Repeat exactly the lines of the material below that run from the "ベッドルームには天井の壁を作らず、開放感を演出。" line to the "Un Ensemble D" line, including both, and do not carry over any pictures.

**Entries provided**:
****************

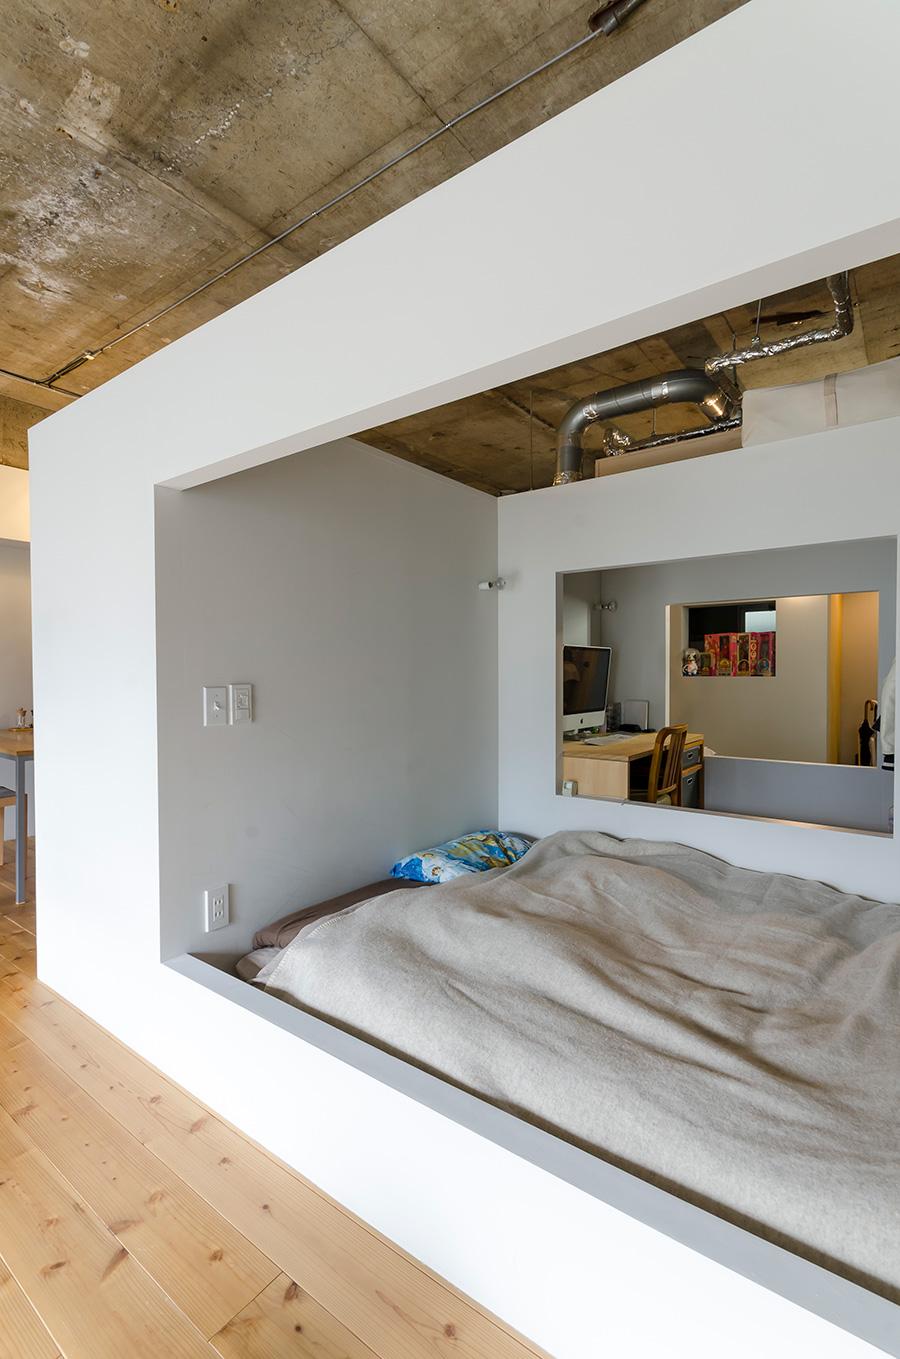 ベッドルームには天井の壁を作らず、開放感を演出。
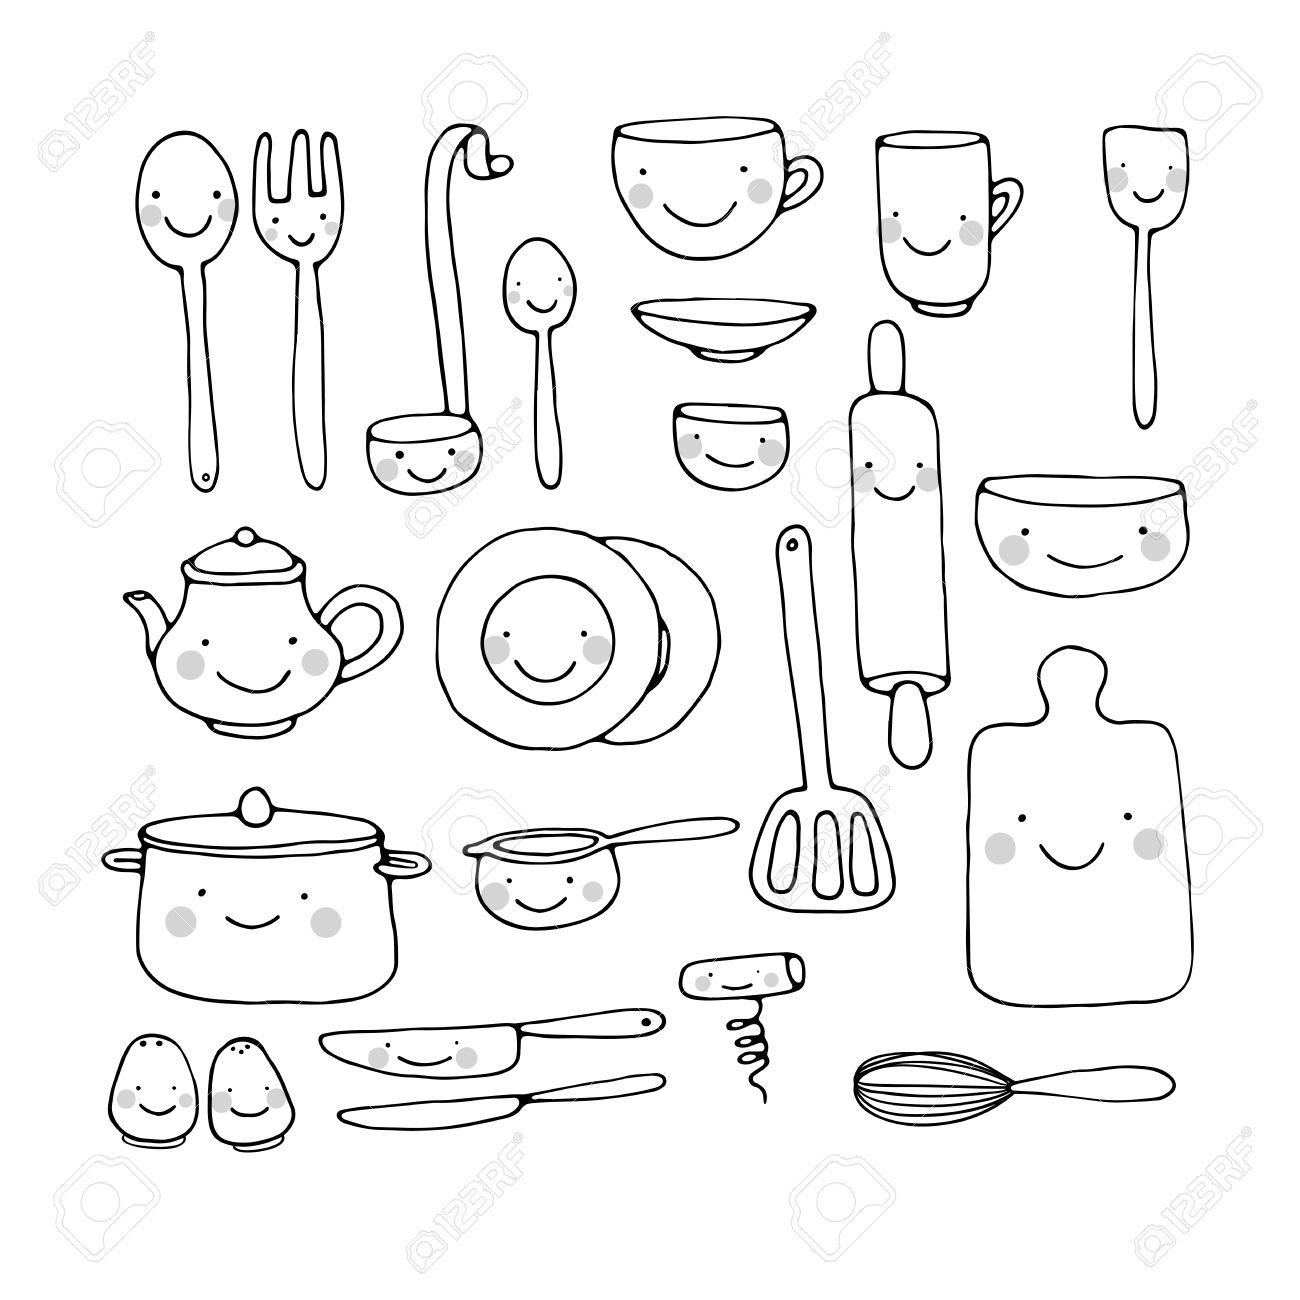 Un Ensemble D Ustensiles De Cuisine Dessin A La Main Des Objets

****************

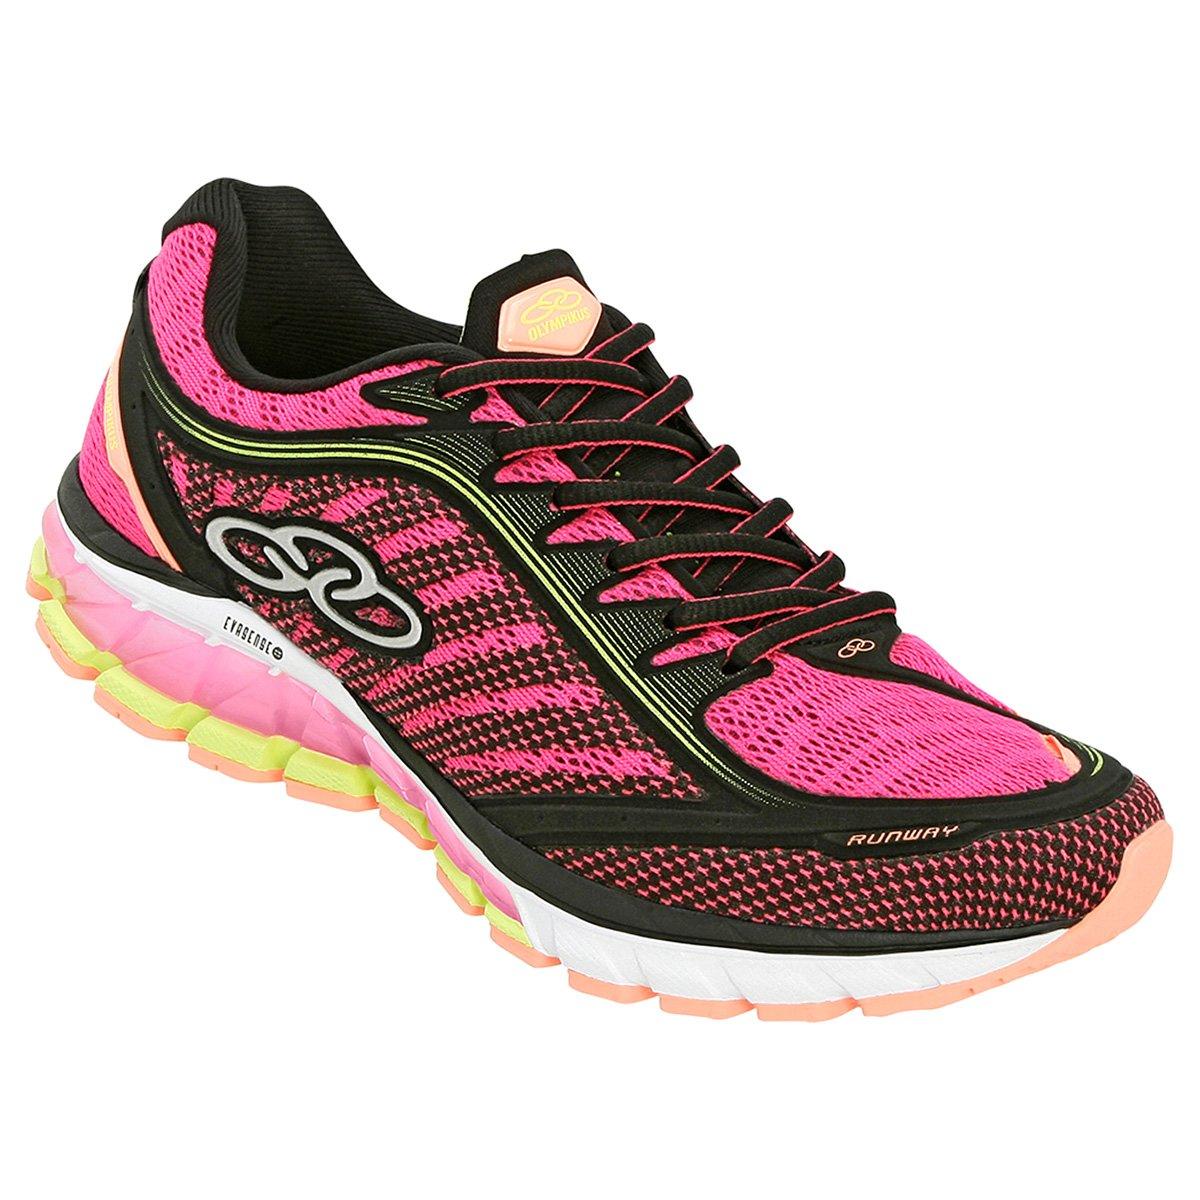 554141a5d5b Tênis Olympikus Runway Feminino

****************

**Exercise output**:
 ベッドルームには天井の壁を作らず、開放感を演出。
 Un Ensemble D Ustensiles De Cuisine Dessin A La Main Des Objets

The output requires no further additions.